▸ What is being asked
From the line that contains "Shane Star Cashmere" through the last line of the data, copy everything exactly and nothing else, omitting the pictures.

▸ Provided material

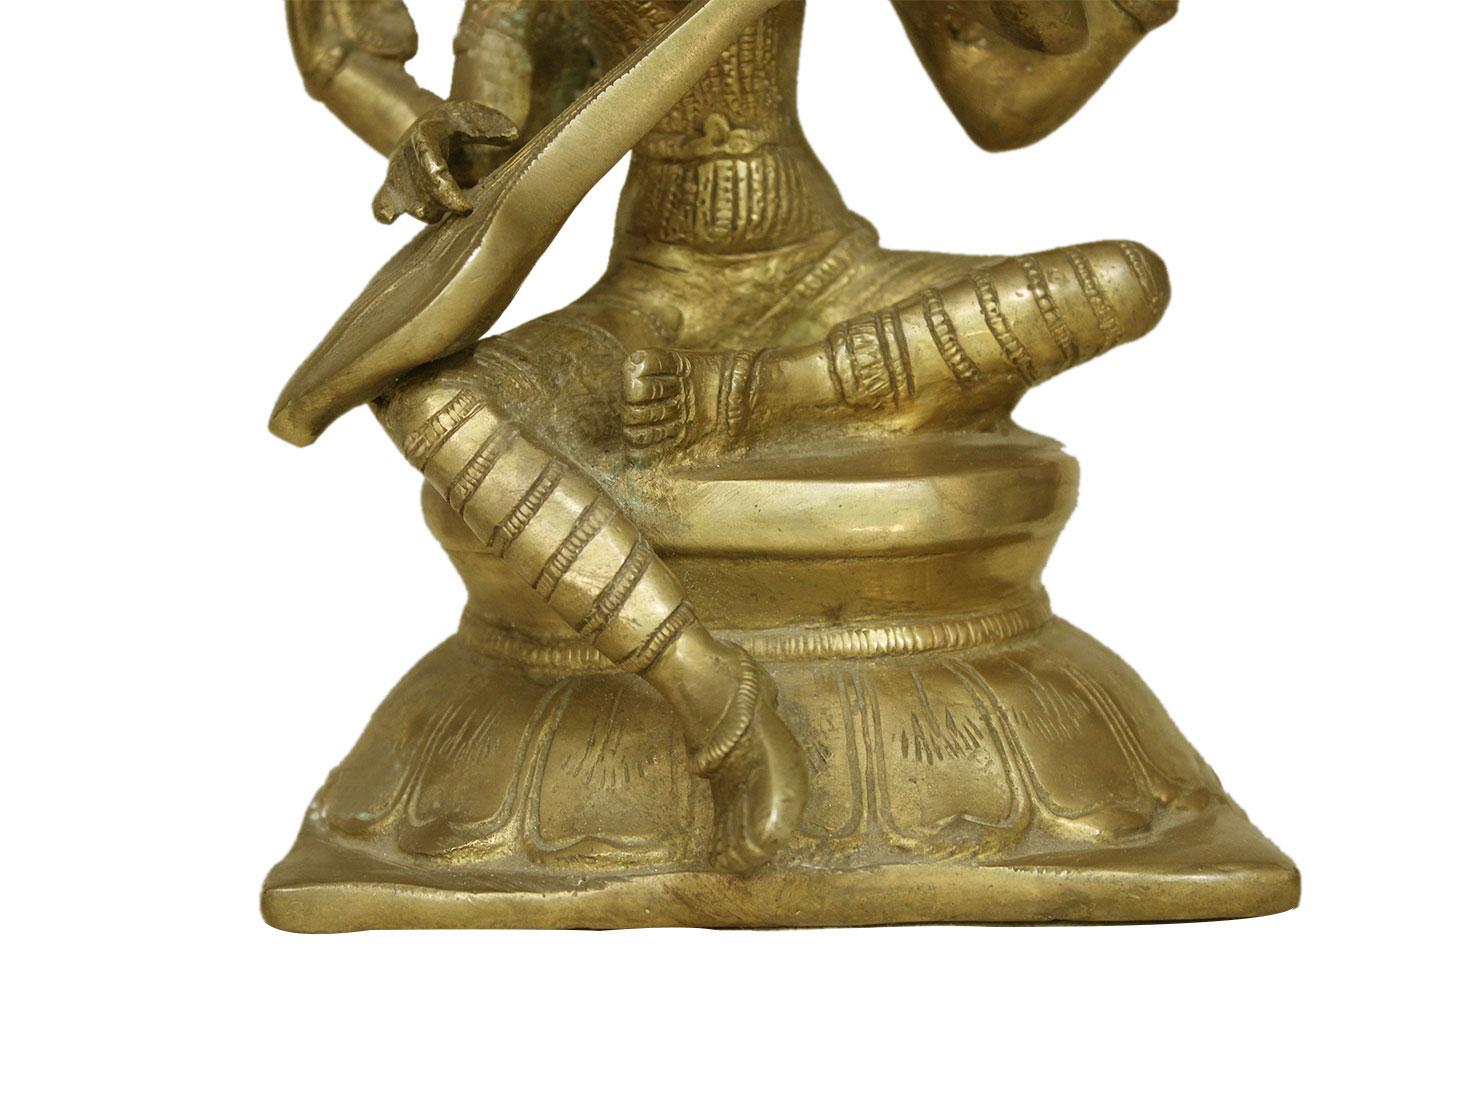 Brass Saraswati (Ht-7.9 Inches)
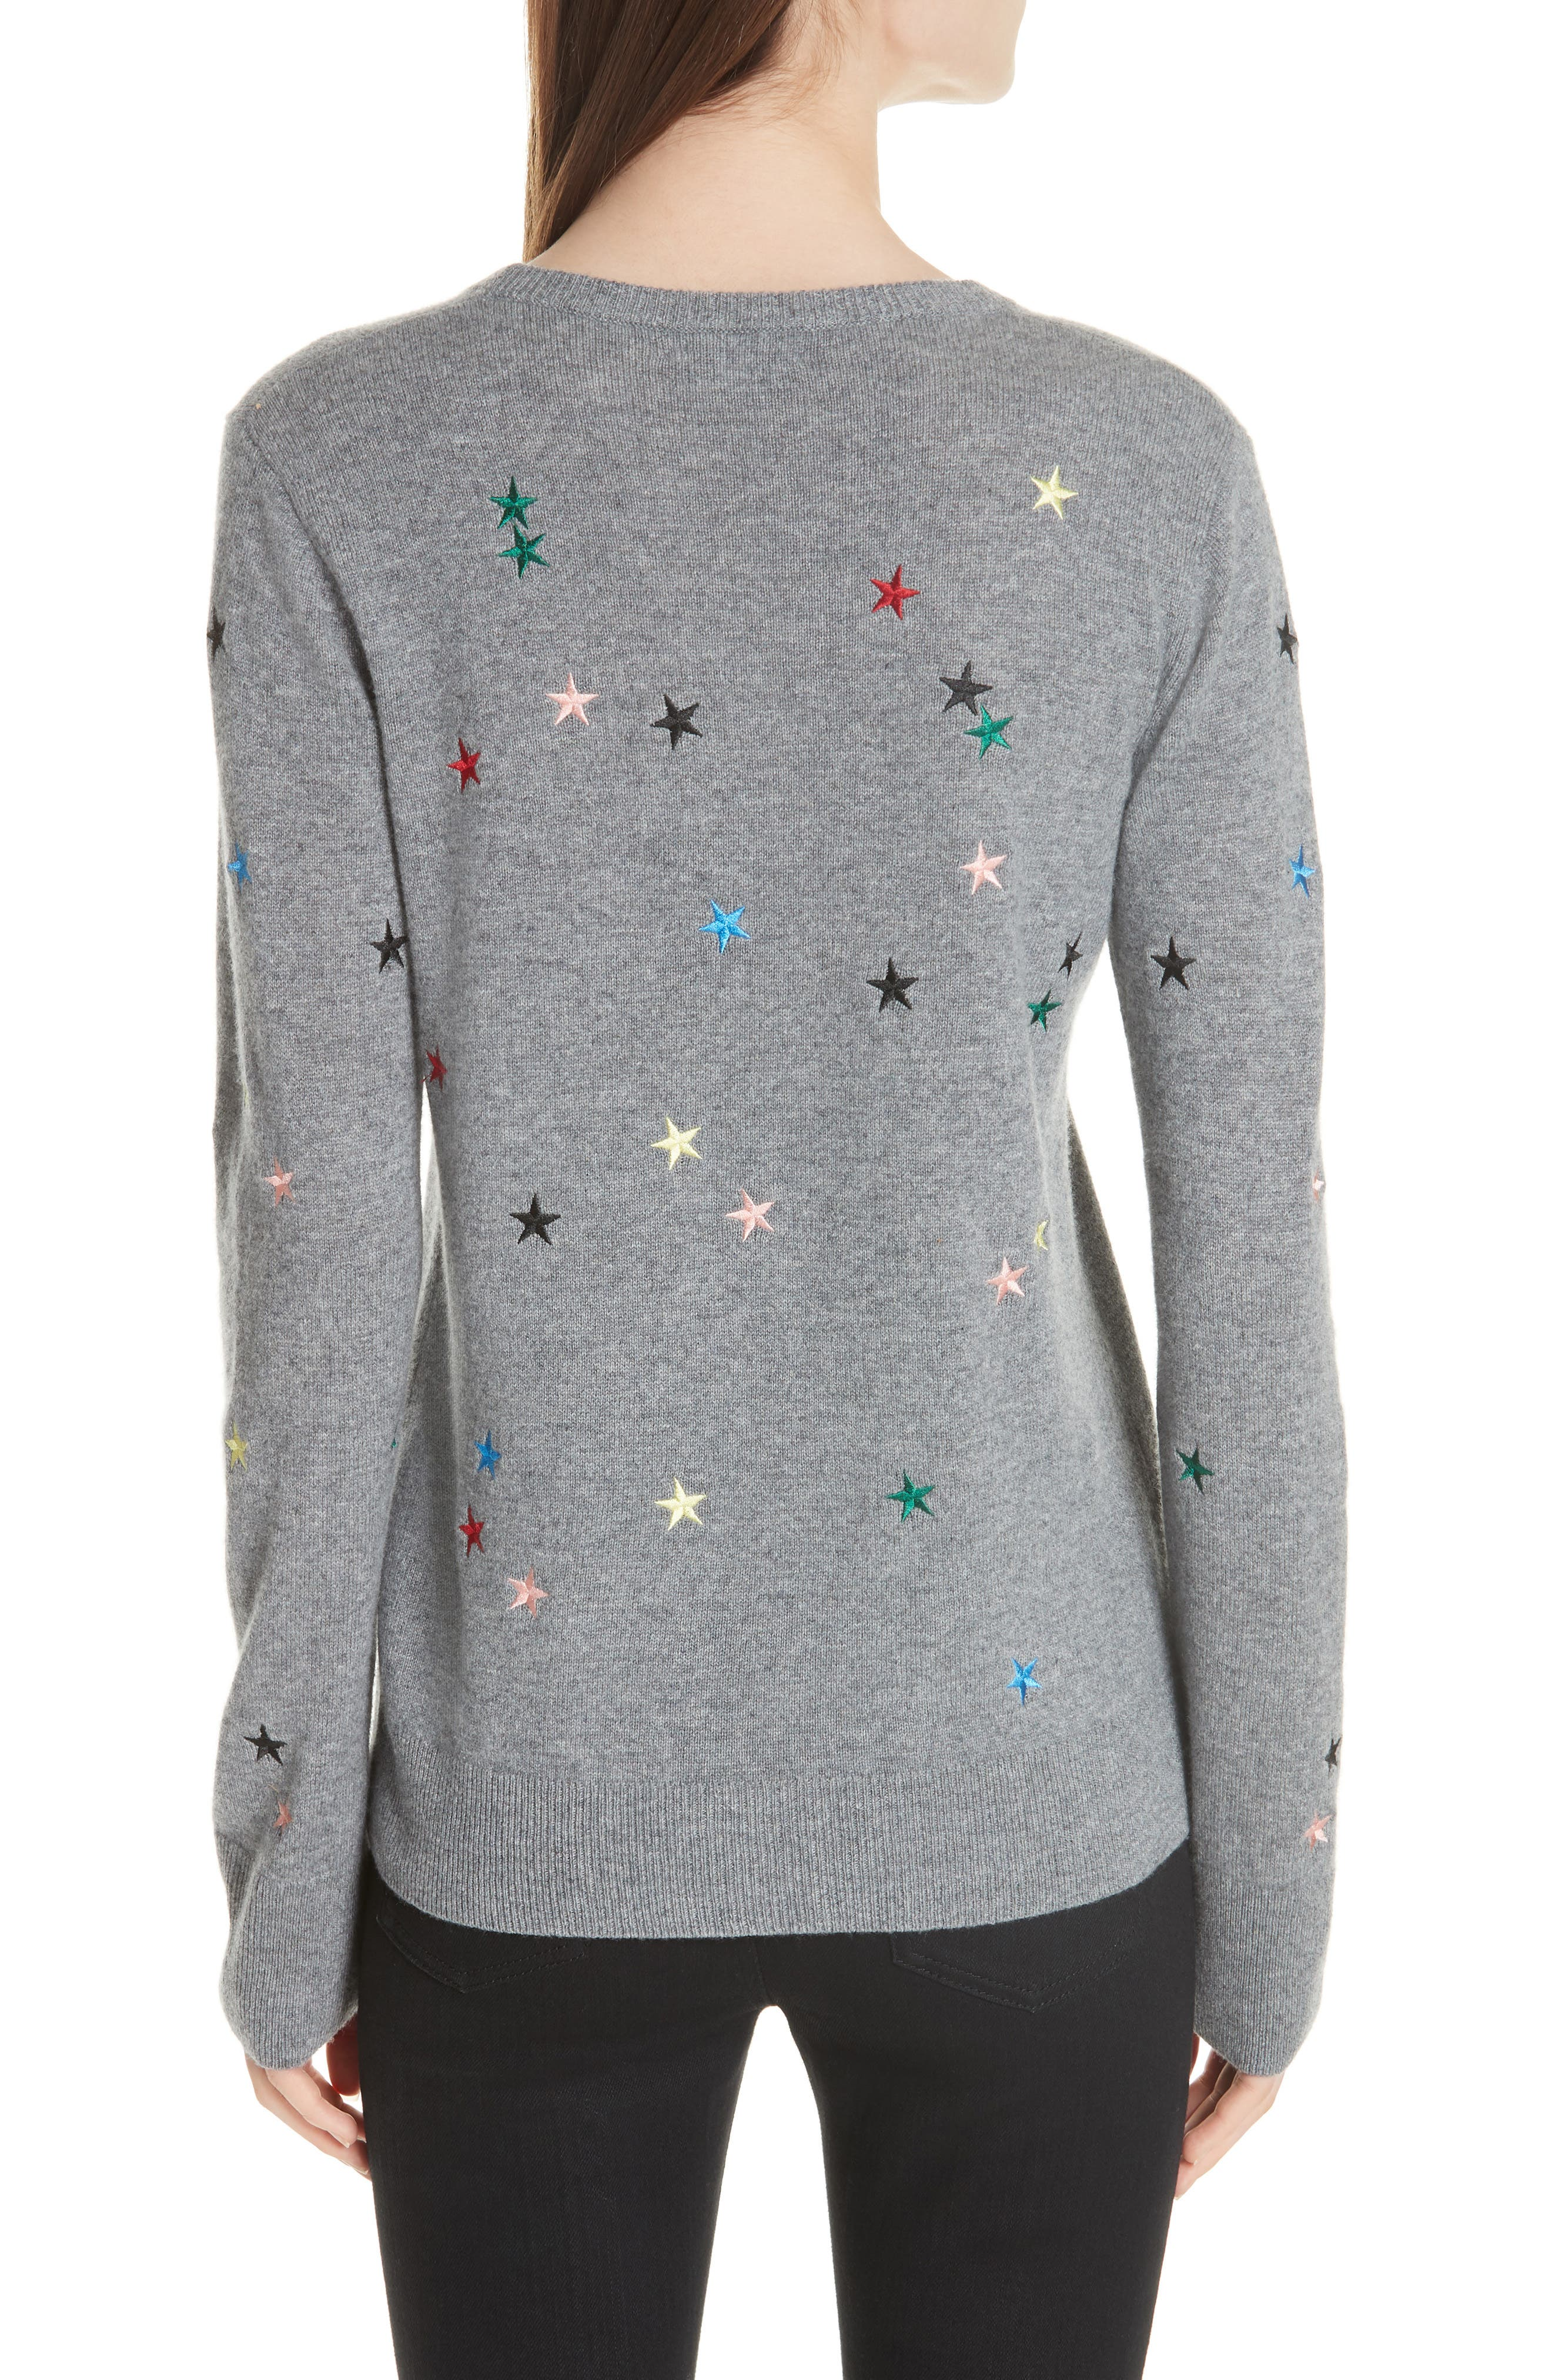 Shane Star Cashmere Sweater,                             Alternate thumbnail 2, color,                             030
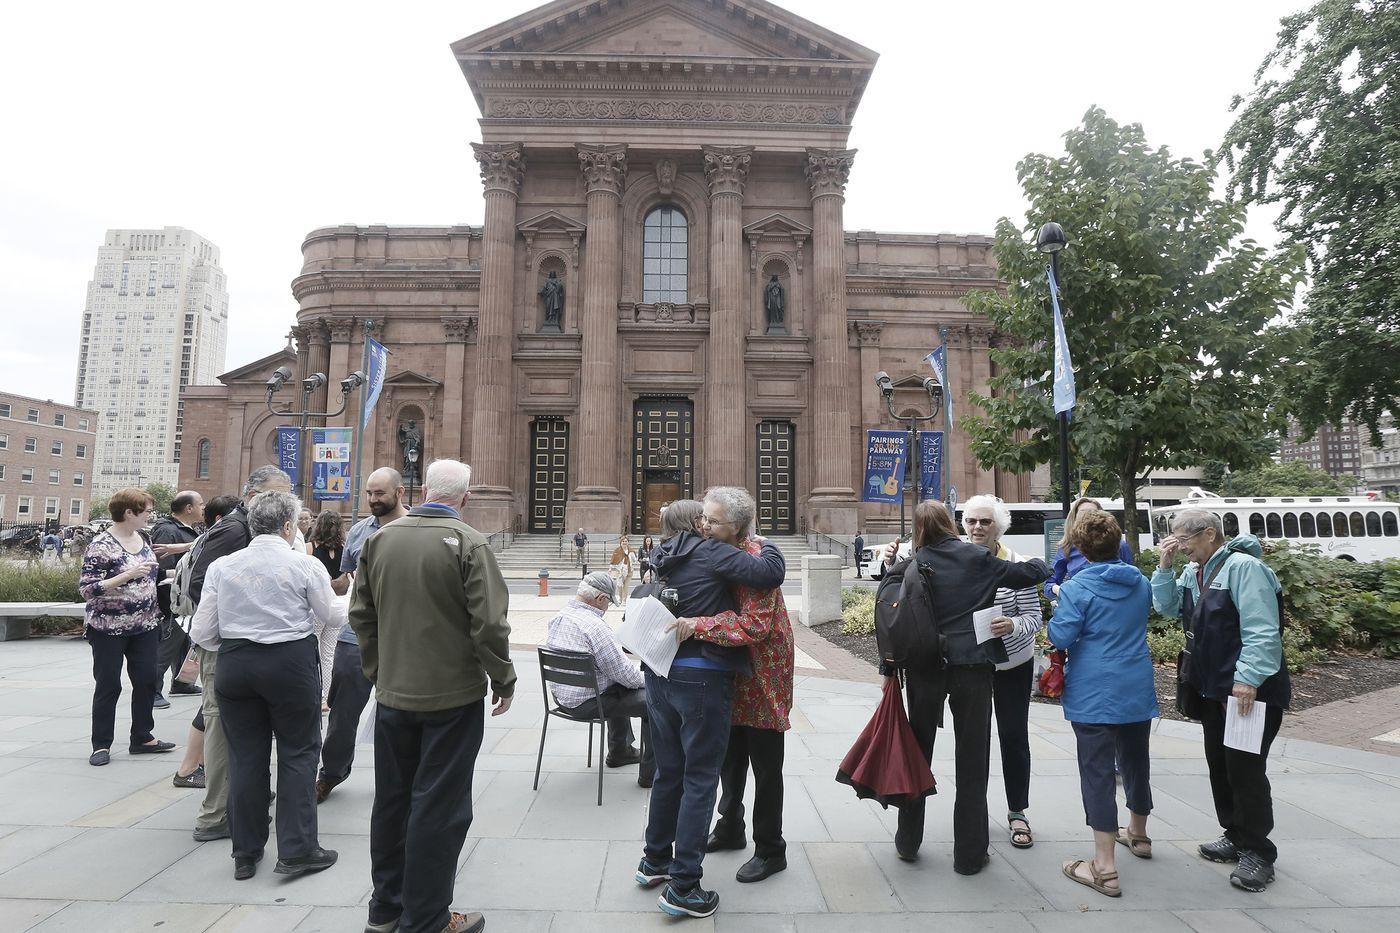 Catholics seeking reform gather to pray, decry grand jury sex-abuse report

▸ Expected answer
 Shane Star Cashmere Sweater,                             Alternate thumbnail 2, color,                             030
 Catholics seeking reform gather to pray, decry grand jury sex-abuse report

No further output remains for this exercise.